There have been mass public agitations against the ruling Rajapaksa family for its misrule of the economic situation prompted by the foreign exchange crisis and the balance of payment issues. The Sri Lanka government doesn’t have any dollars left to import fuel or even medical supplies. Exams were cancelled because of no money to import papers. Finally, people took to the streets and there was severe turbulence in the country. Sri Lanka has declared an “Economic Emergency” in its country. The country’s foreign exchange reserves have fallen steeply in the past 4 years.
The government tries to generate money by selling bonds but only 8 per cent of bonds were sold. Since 2019, the Sri Lankan rupee has lost 20 per cent of its value in the past year against the US Dollar. This has raised the price of essential commodities steeply whereas the government doesn’t have enough money to buy food from external sources. The fear can be easily seen because the government has appointed a former army general as commissioner of essential services, who will have the power to seize food stocks held by traders and retailers and regulate their prices.
As of February, the country was left with only USD 2.31 billion in its reserves but faces debt refunds of around USD 4 billion in 2022, including a USD 1 billion international sovereign bonds (ISB) maturing in July. ISBN make up the largest share of Sri Lanka’s foreign debt at USD 12.55 billion, with the Asian Development Bank, Japan and China among the other major lenders.
Pressure cumulative on Rajapaksa brothers to resign. One dynasty that Sri Lankans believed in the betterment but got disappointed to the core. The Rajapaksa have accumulated enough wealth, they have their safe abode in foreign lands but the citizens of Sri Lanka are deprived of two-time meals. There is skyrocketing inflation. Sri Lanka has been suffering from a grave economic crisis for a few days now. The tourism sector contributes 10 per cent to the Sri Lankan GDP. A large chunk of foreign reserves comes from foreign tourists. But after the 2019 Colombo church bombings, it decreased sharply and later the lockdowns reduced it to zero.

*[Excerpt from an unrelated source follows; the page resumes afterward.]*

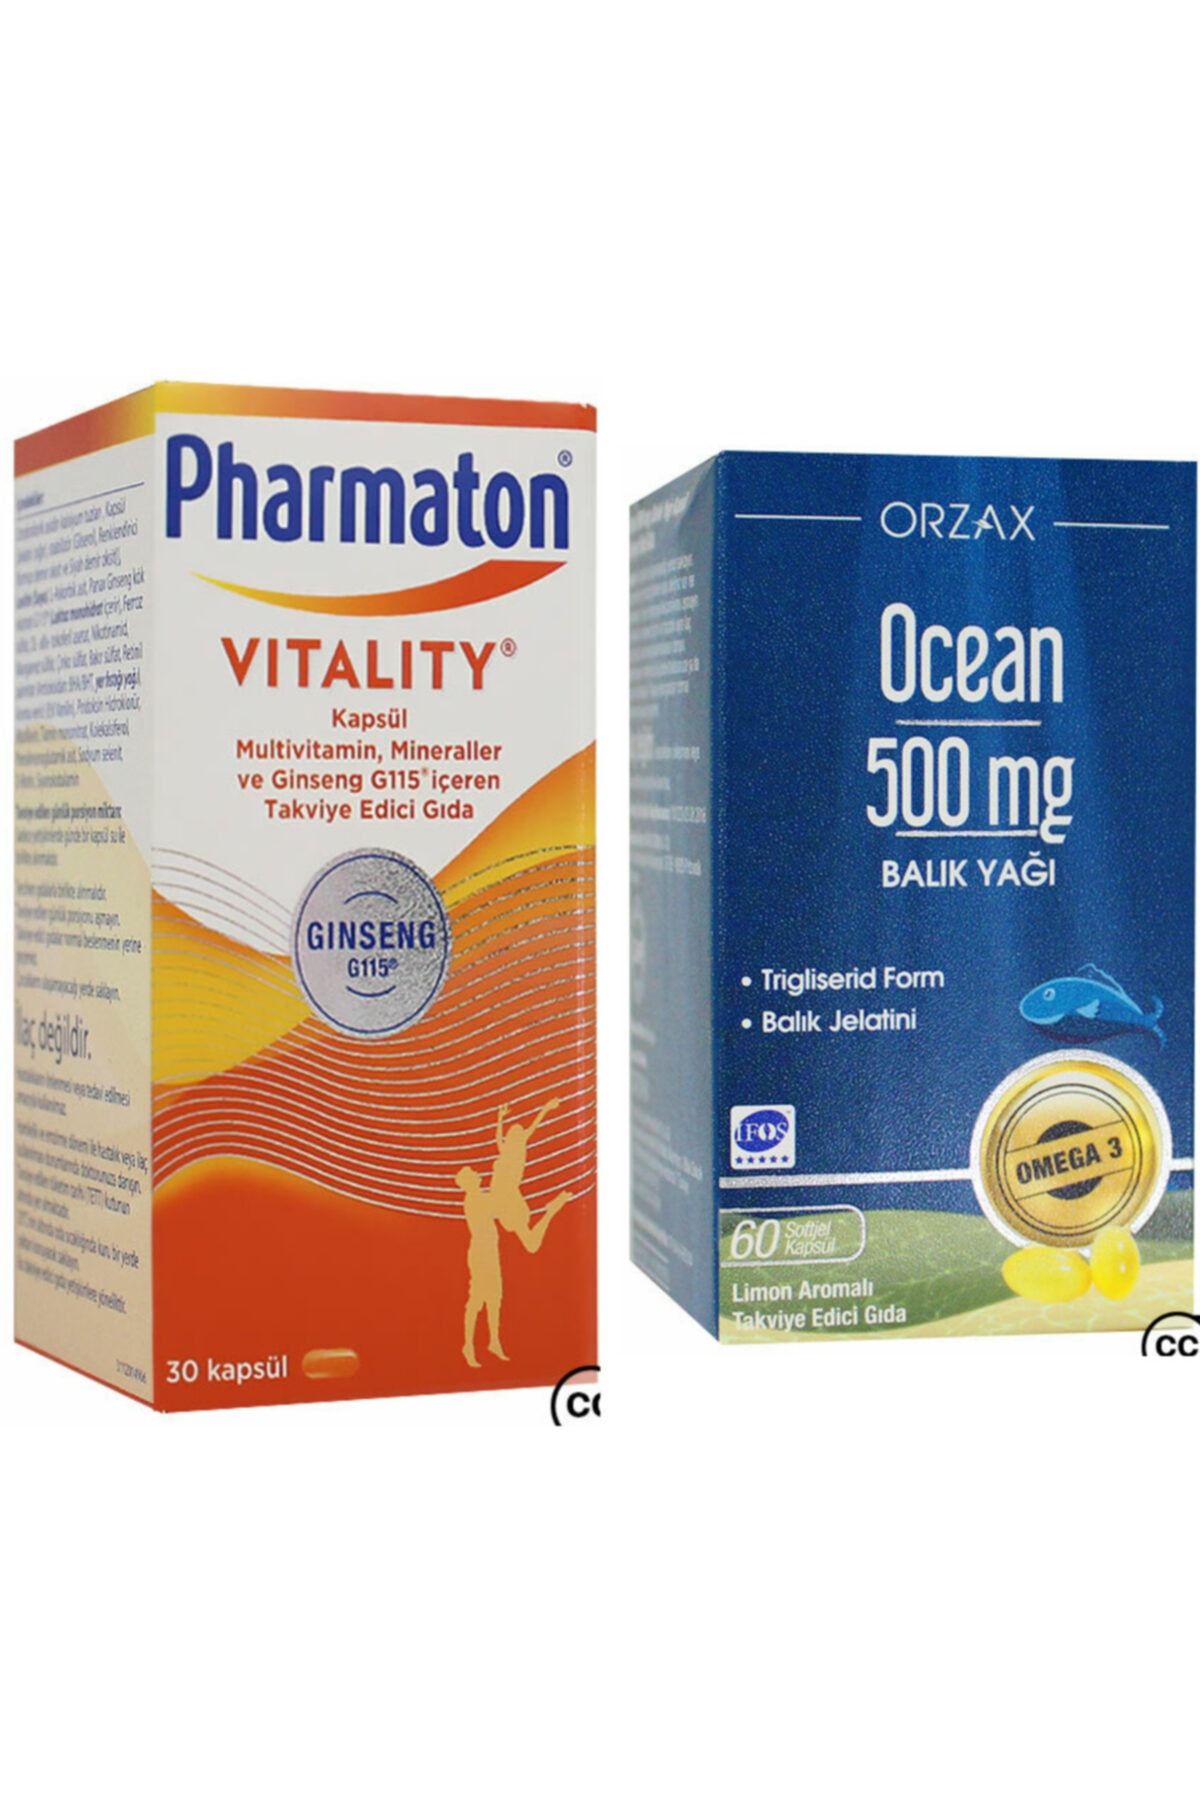 Pharmaton Vitality 30 Kapsül Ocean 500mg Balık Yağı 60 Kapsül
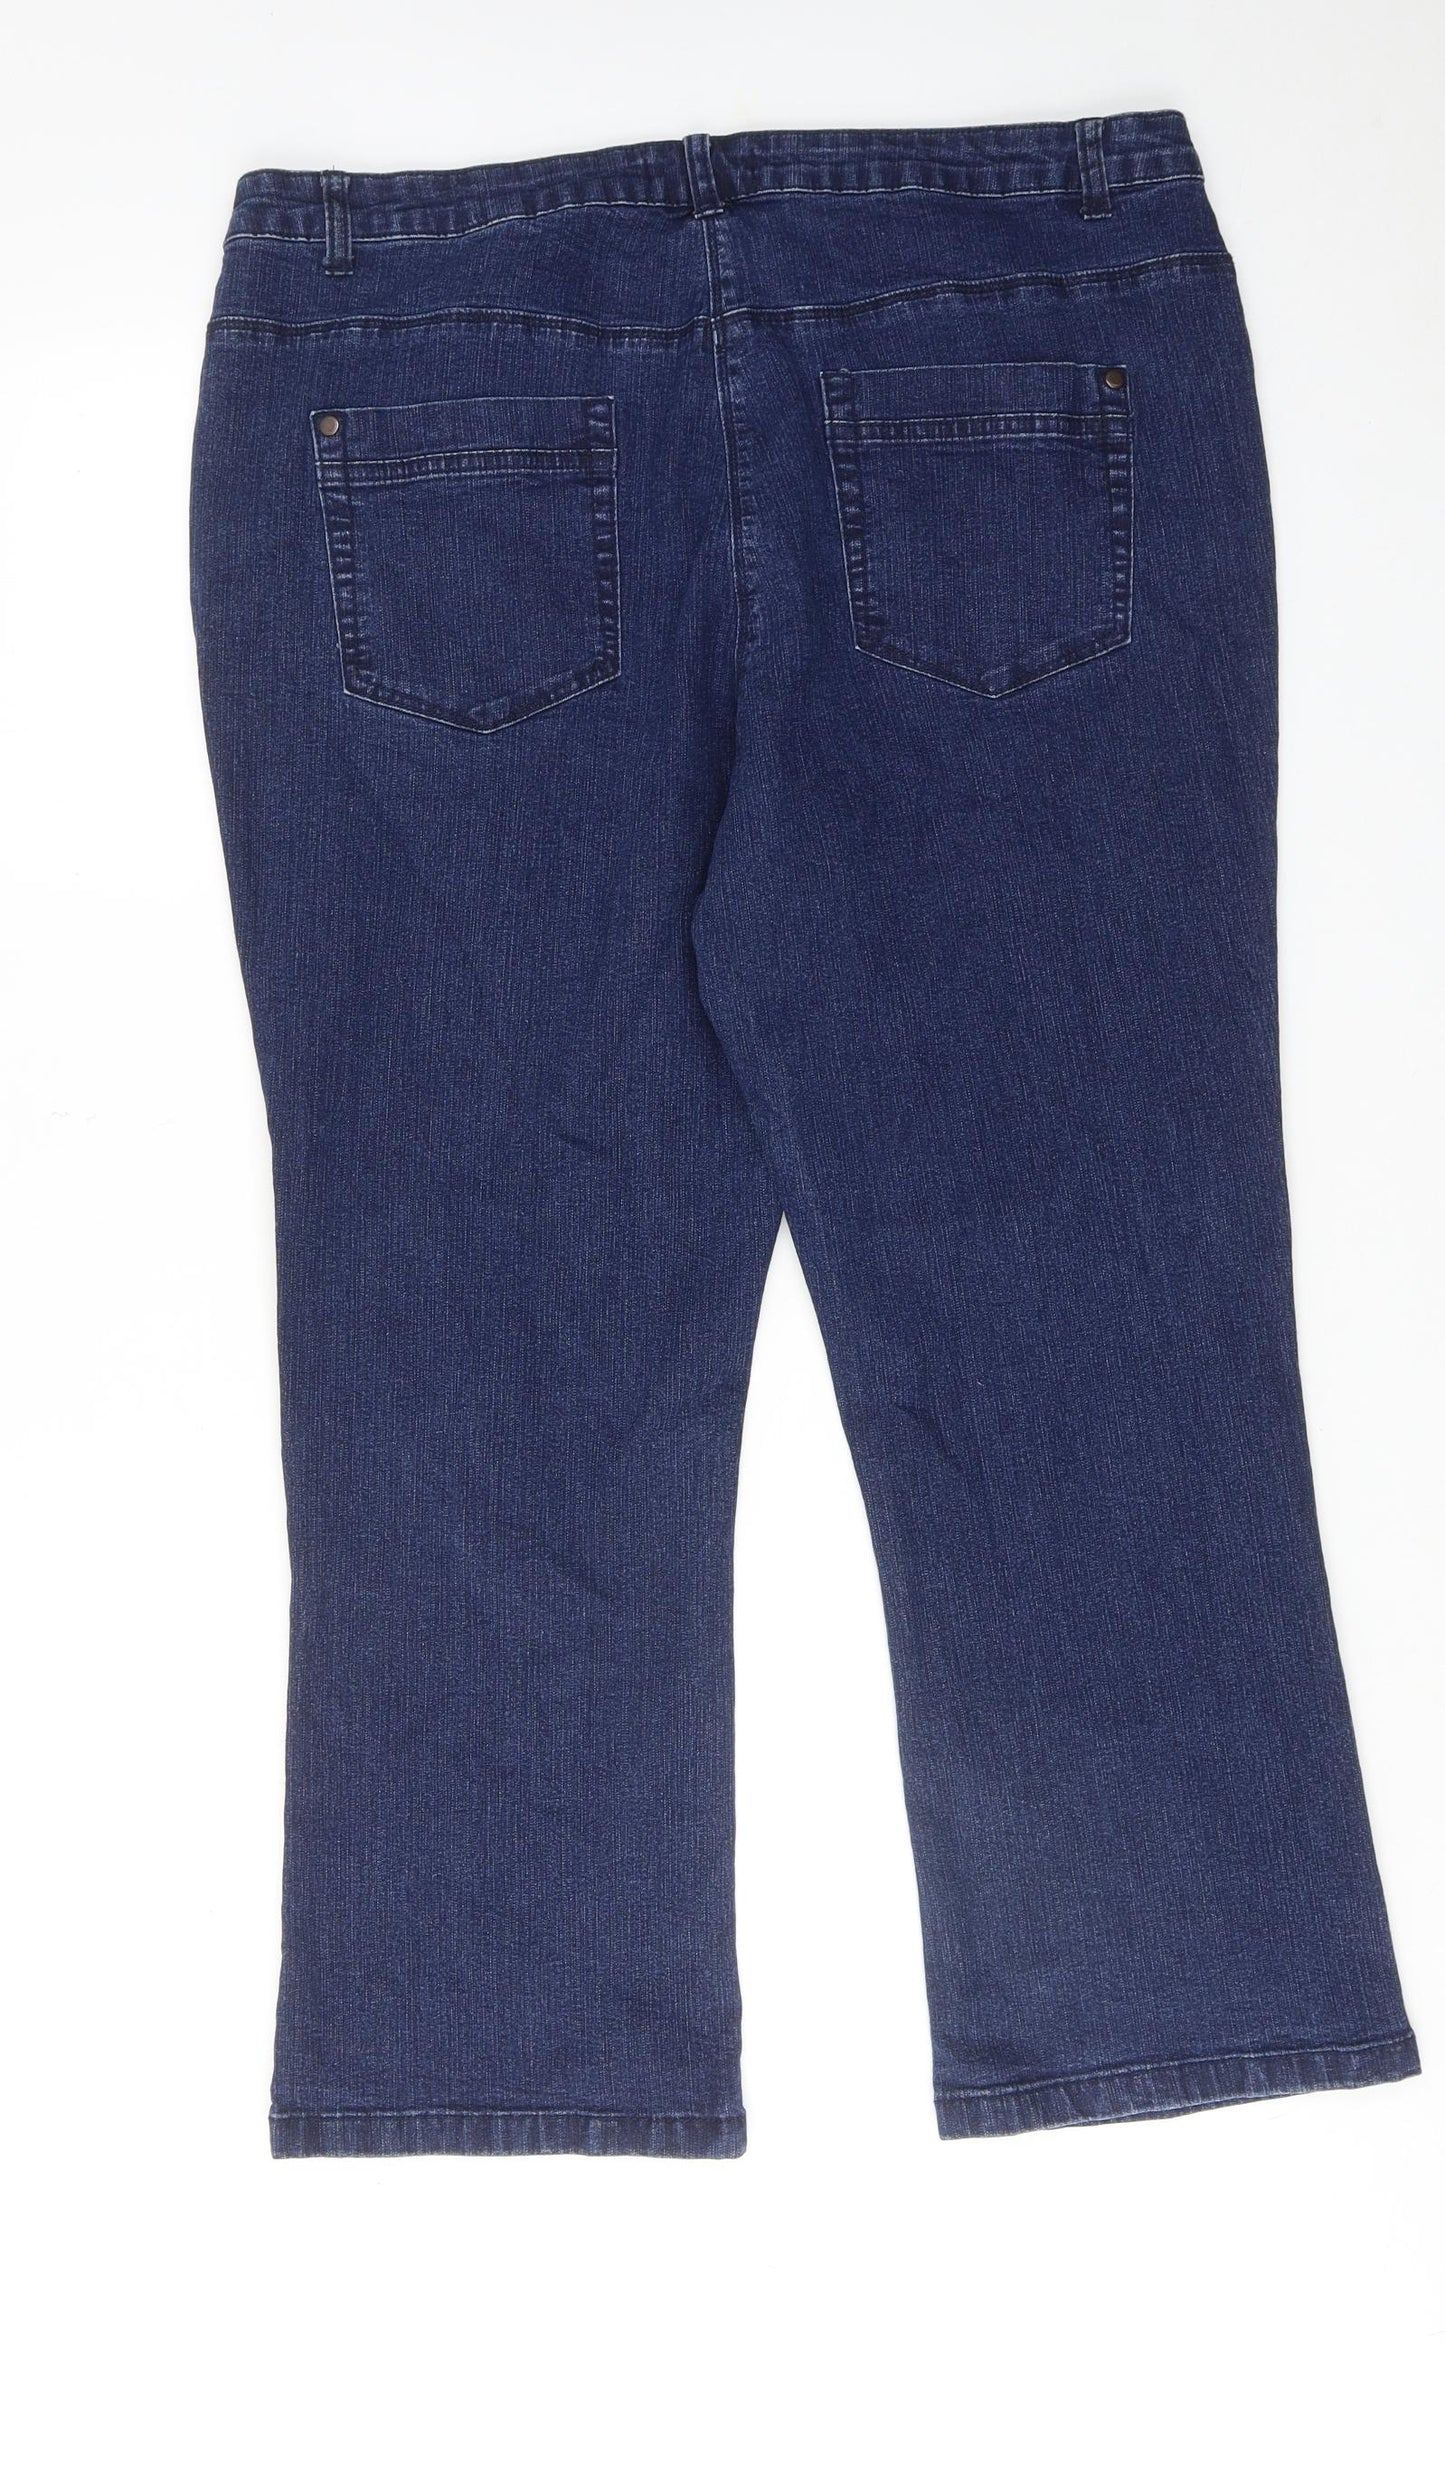 Bonmarché Womens Blue Cotton Bootcut Jeans Size 20 Regular Zip

Sri Lanka refused to take help from the IMF, which may be due to its stringent conditions but there could also have been pressure from China and depended on Chinese loans only for financial support. The Sri Lankan government took a populist measure of reducing the Tax slab to half and increasing the threshold of tax registration. This step significantly reduced the income of the government. Sri Lanka’s whole economy predominantly revolves around tourism. Although there are other services or industries also which make up the list for their economy, they’re wholly dependent on tourism. This is where the pandemic has hit them hard.
Sri Lanka kept taking loans from other nations or the world lending banks. This increased the pressure on their economy. Sri Lanka already has nothing to do with exports and they kept Increasing their import ratios. Hence this also resulted in an increase in trade deficits. They still have to repay two loans of USD 1.5 billion each. Factories shut down due to COVID-19 lockdowns, its exports almost went down 75 per cent. Sri Lanka has recently grown ties with China, but China has not shown interest to offer any bailout.
The Sri Lanka government’s decision to ban chemical fertilizers to make agriculture 100 per cent organic had a negative impact on the economy. Agricultural production is being hit by the new law as organic farming reduces production by half.
For months, Rajapaksa’s administration and the Central Bank of Sri Lanka (CBSL) resisted calls by experts and opposition leaders to seek help from the IMF despite rising risks. But after oil prices soared in the wake of Russia’s invasion of Ukraine in late February, the government eventually drew up a plan to approach the IMF in April.
Meanwhile, India announced to encompass a USD 1 billion line of credit to Sri Lanka as part of its financial assistance to the country to deal with the economic crisis following a previous USD 500 billion line of credit in February to help it purchase petroleum products. Sri Lanka is also negotiating with the International Monetary Fund for a bailout.